It is an age old idiom that we are what we eat. Yet, many of us seldom think deeply about the food we eat everyday. Most decisions are influenced by taste and that somehow never seems to be a good idea. When we have puffy eyes, we tend to blame it on the lack of sleep. Or when we catch a cold, it is generally the shift in the weather. But several of these problems are actually caused by the excessive mucus produced by the food you eat.
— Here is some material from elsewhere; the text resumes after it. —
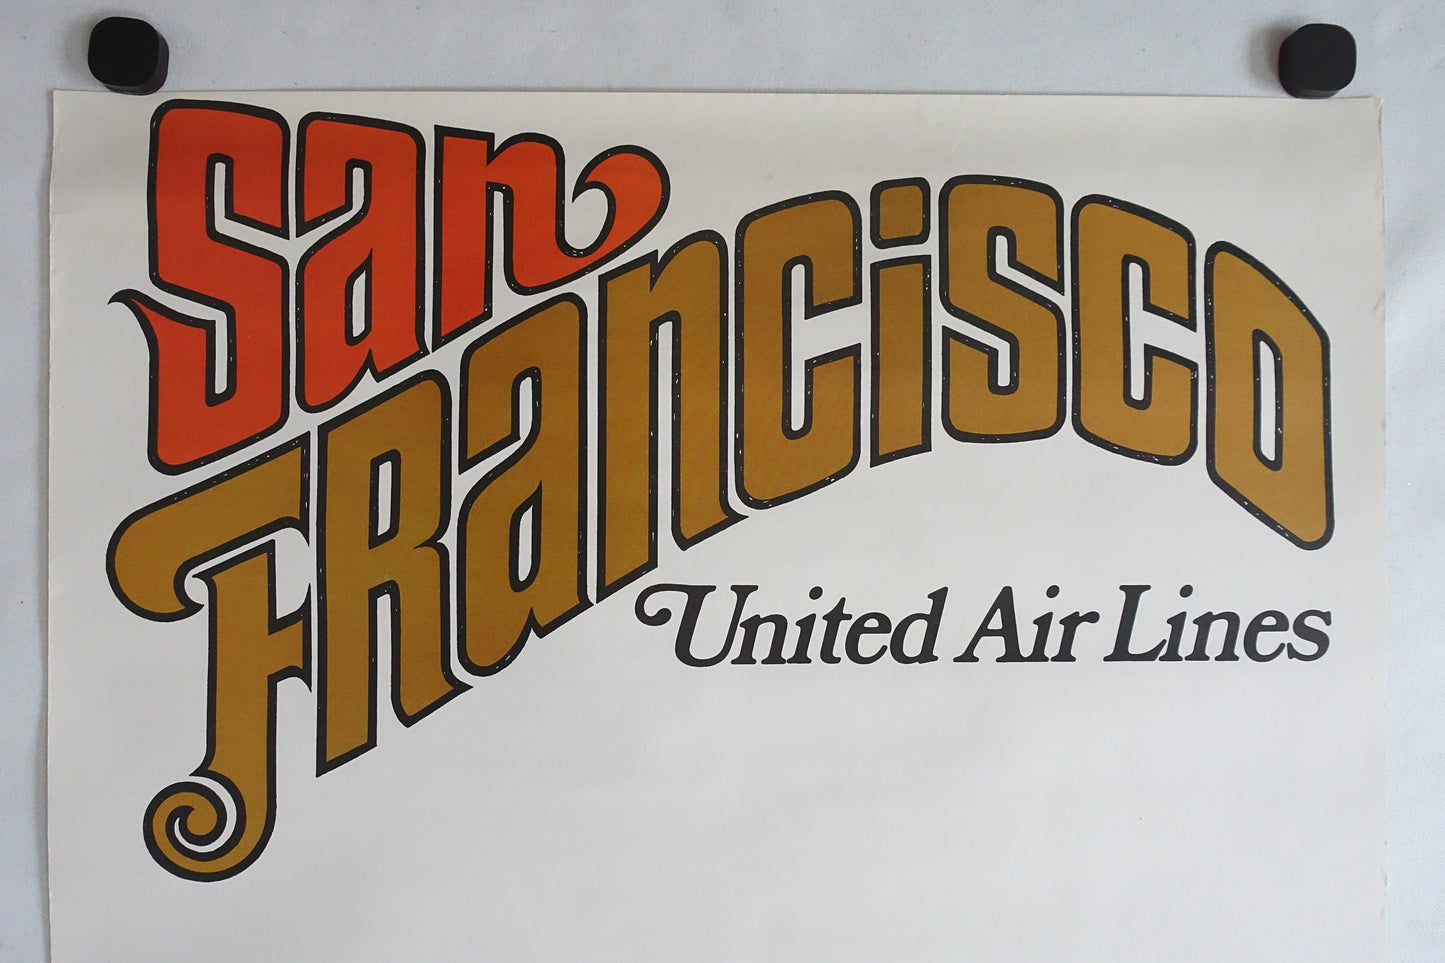 1967 San Francisco United Airlines by James Jebavy - Original Vintage Poster

Chronic cough, crusty eyes, and a bad cold can all be because of excessive mucus in the body. Here’s a lowdown on everything you need to know about mucus and the foods that produce mucus.
Table of Contents
What is mucus?
Mucus is not limited to the dirty ‘nosey’ that flows out when you have a cold. Also known as phlegm, mucus is produced by different cells in our body and organs like the nose, intestines and other places. It is rich in glycoproteins and water and is typically produced by cells found in the mucus glands. It also contains antiseptic enzymes such as lysozymes, immunoglobulins, inorganic salts and proteins such as lactoferrin.
Why do we have mucus?
Though you may typically look down on this dirty icky fluid, it has a very important function in our body. Mucus forms a thick fluid that coats organ membranes to protect them from infectious agents like fungi, bacteria and virus. Particularly, it protects the lungs by “trapping” foreign particles that enter during the normal breathing process. The mucus produced in the respiratory tract is specifically called ‘phlegm’.
The average human nose produces about a liter of mucus per day!
Excessive mucus can be produced because of a number of factors. During cold weather, the cilia that sweeps mucus away from the nostrils becomes sluggish or stops functioning resulting in a runny nose. It can be triggered by an allergy too. Your body triggers a bout of cough in order to help you expel the invading virus and rid your mucus from it.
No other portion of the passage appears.